AI ripe to shake up private banking, says Israeli entrepreneur

Artificial intelligence tools are “ripe” to disrupt the private banking sector, Amnon Shashua has said, as his new digital bank One Zero prepares to expand its activities outside Israel.

Shashua last year launched One Zero — whose investors include Swiss private bank Julius Baer, US private equity group Cerberus and China’s Tencent — as the first new Israeli bank to be set up in more than 40 years, and is planning to apply for a licence in Italy by the end of the year.

The venture is one of a number of projects deploying AI spawned by the 63-year-old computer scientist, who co-founded and still heads the autonomous driving group Mobileye, and comes as the success of a new wave of generative AI products, such as OpenAI’s ChatGPT and Google’s Bard, has triggered a frenzy of investor interest in the sector.

Shashua said deploying AI technologies, such as large language models, in private banking would radically increase the efficiency of relationship managers and make it possible to offer services previously accessible only to the very wealthy to a much broader selection of clients.

“This is really disruption in the world of banking,” he said in an interview with the Financial Times. “And you can only do it in a neobank because you don’t have the legacy core systems.”

Relationship managers at Switzerland’s private banks, which dominate the global wealth management industry, typically each manage the affairs of about 100 to 200 wealthy clients.

One Zero’s Israeli business — which has acquired 60,000 customers accounts since its launch last summer — has 1,000 clients per relationship manager, and is planning to reach 2,000 by the end of the year.

But Shashua said that the company’s longer-term target was a ratio of 1:10,000, enabling One Zero to provide services previously accessible only to very wealthy clients, such as bespoke financial advice, to a wider market.

“The plan is to be the first pure play pan-European digital private bank for the mass affluent,” he said, referring to clients that One Zero characterises as having disposable assets of between $50,000 and $500,000.

One Zero — which has raised $250mn and was valued at $385mn in its latest funding round in February — uses AI to analyse clients’ portfolios and provide the bankers dealing with them with advice to share.

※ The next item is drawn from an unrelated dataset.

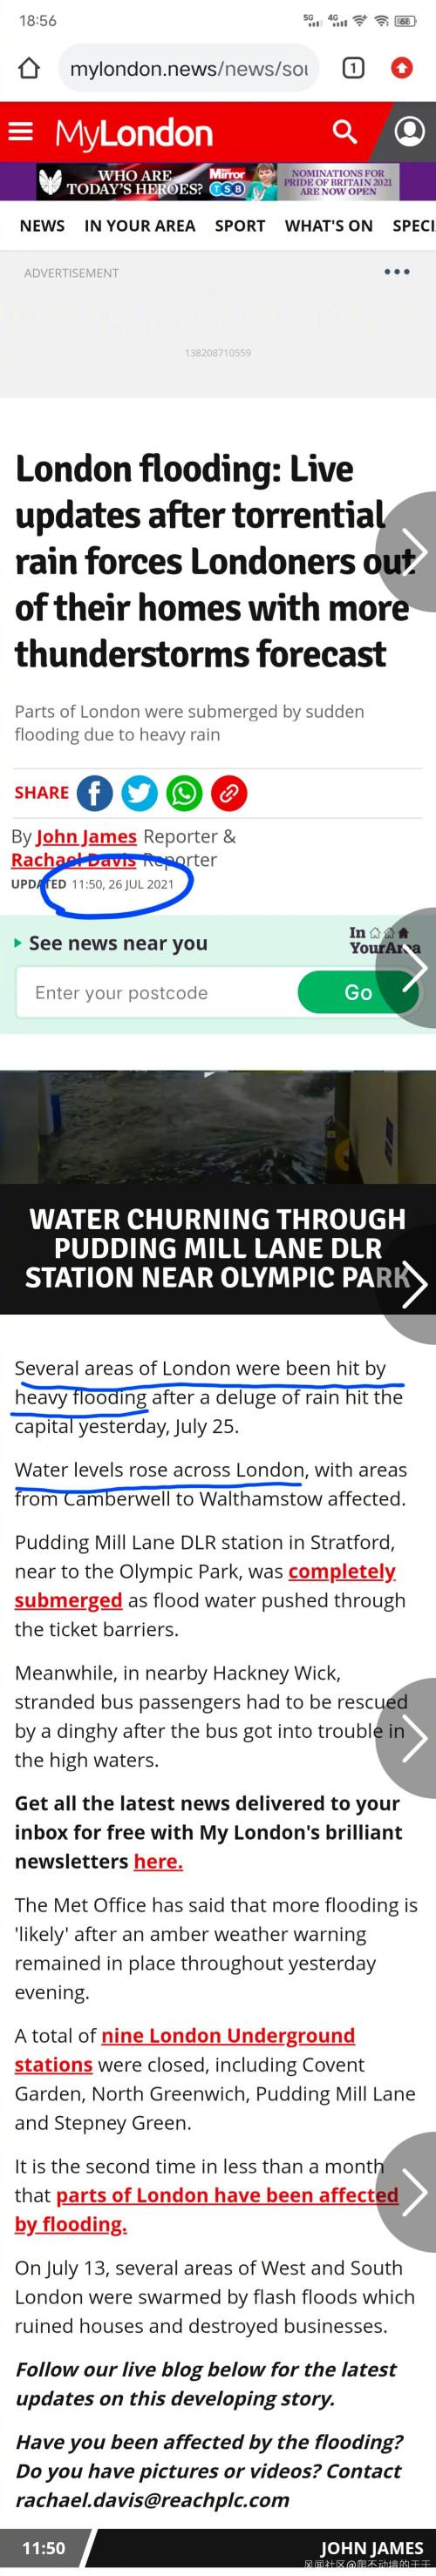 """轮番""""打脸"""":一个旅英作家吹英国,结果英国也淹水了-3"""
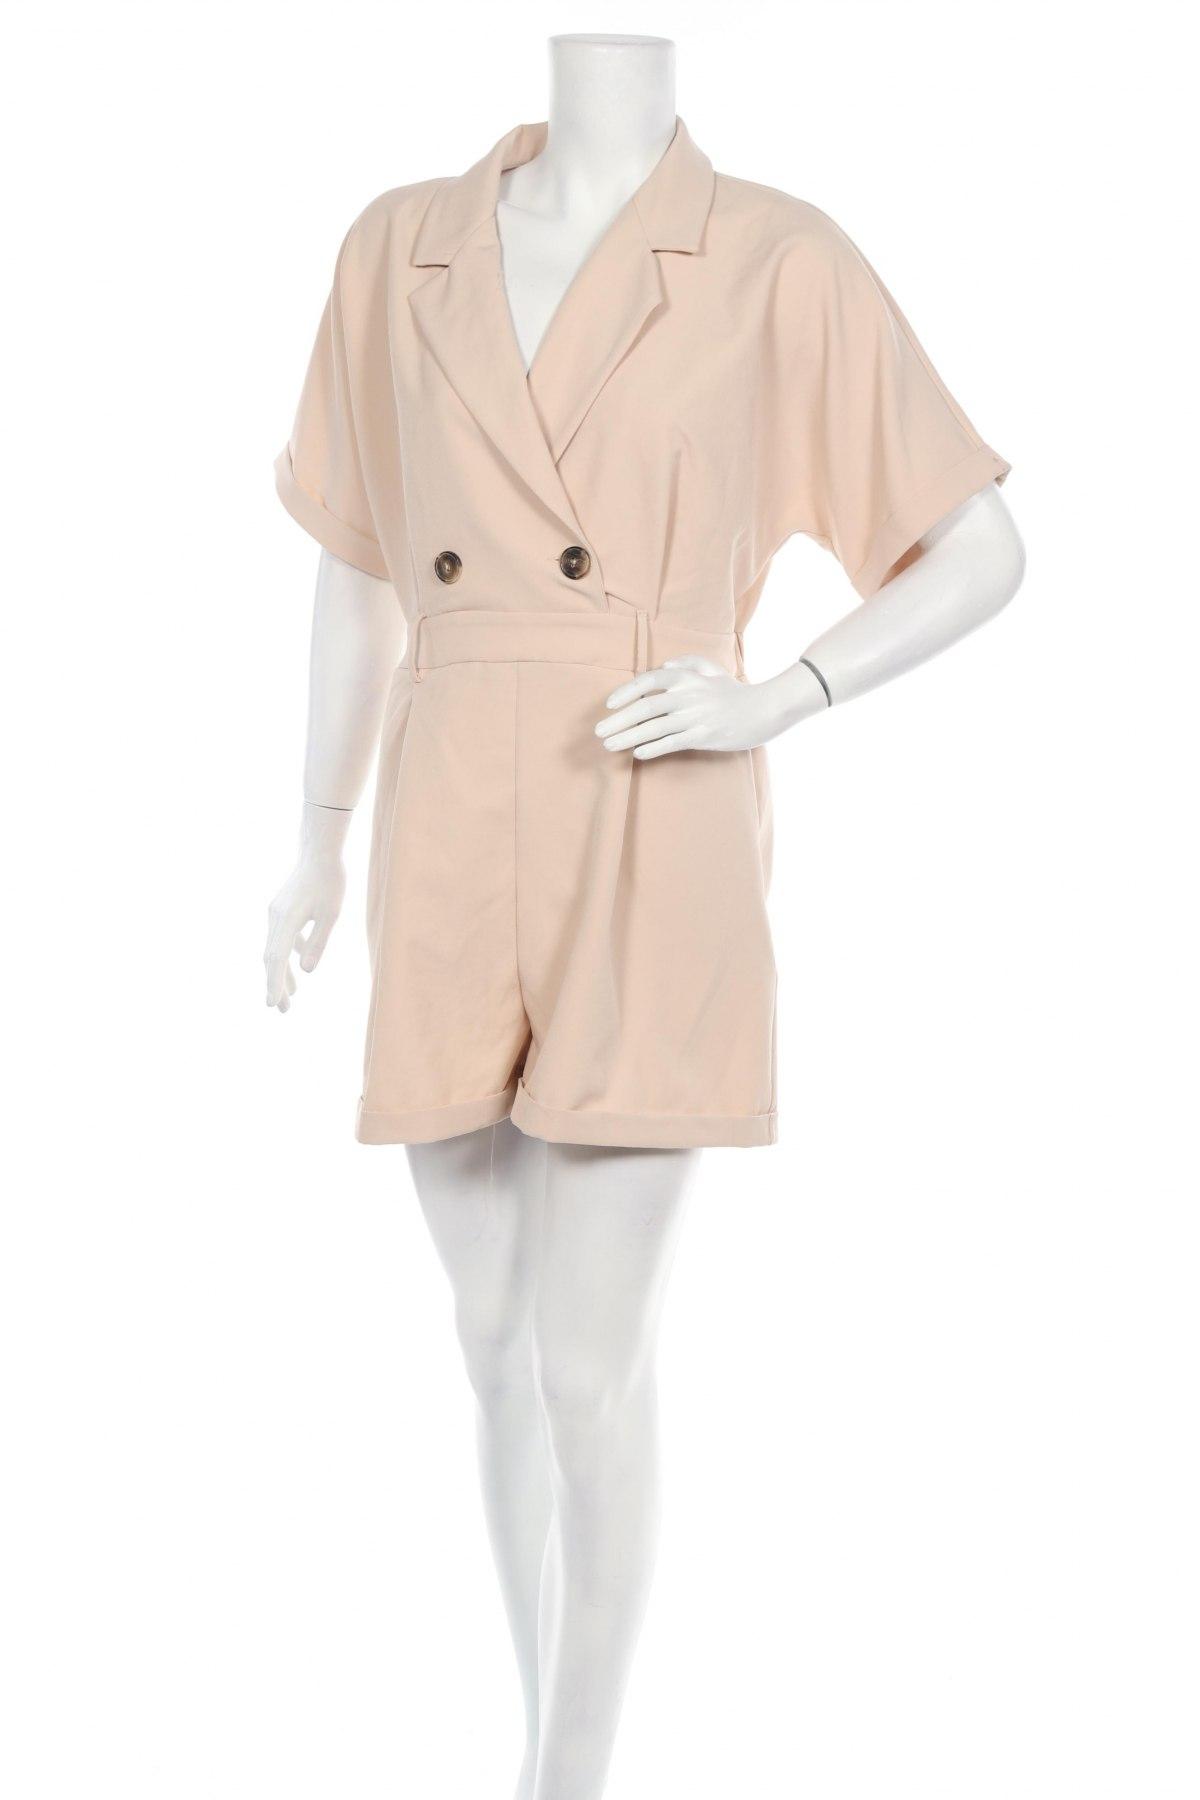 Γυναικεία σαλοπέτα Trendyol, Μέγεθος M, Χρώμα  Μπέζ, 96% πολυεστέρας, 4% ελαστάνη, Τιμή 23,12€

But Shashua said he expected the greatest gains in scalability to come from deploying generative AI — the powerful technology that lies behind services such as ChatGPT — to allow One Zero’s chatbot to field sophisticated customer queries, and free up bankers’ time for other tasks.

“If people don’t get answers, they feel like they are not being served, so you need to handle this either through human bankers or automation,” he said. “The rise of language models . . . is ripe to create this automation.”

Many banks already use chatbots to deal with customers, but the range of queries they can answer is constrained by the fact that they generally function by offering clients the chance to choose from a pre-determined set of questions, rather than responding to free text.

Nizan Geslevich Packin, a professor of business law at the City University of New York, said generative AI had the potential to improve the efficiency with which banks could provide certain services.

But she added that applying it to personal financial data posed a series of challenges relating to the technology’s biases and tendency to “hallucinate” — when AI confidently gives inaccurate responses — as well as issues around customers providing informed consent for the use of their information. “We’re still in the infancy of trying to understand what this means,” she said.

Gal Bar Dea, One Zero’s chief executive, said dealing with hallucinations and data privacy issues were the two main challenges the bank had faced in developing its generative AI chatbot, as well as making sure it did not answer questions — such as stock tip requests — that it was not allowed to. But he said that it was already being tested internally and that the bank planned to roll it out for clients “in the coming months”.

Since studying maths and computer science at Tel Aviv university, Shashua has founded companies applying AI in areas from robotics to natural language learning. His biggest success, however, was Mobileye, which Intel bought in 2017 in the biggest deal in Israeli history, before listing last year.

Asked whether he would consider selling One Zero, Shashua said it was “too early to talk about M&A”. But he was non-committal about the future. “My interest is technology,” he said. “Once the technology is done — I’m not a banker.”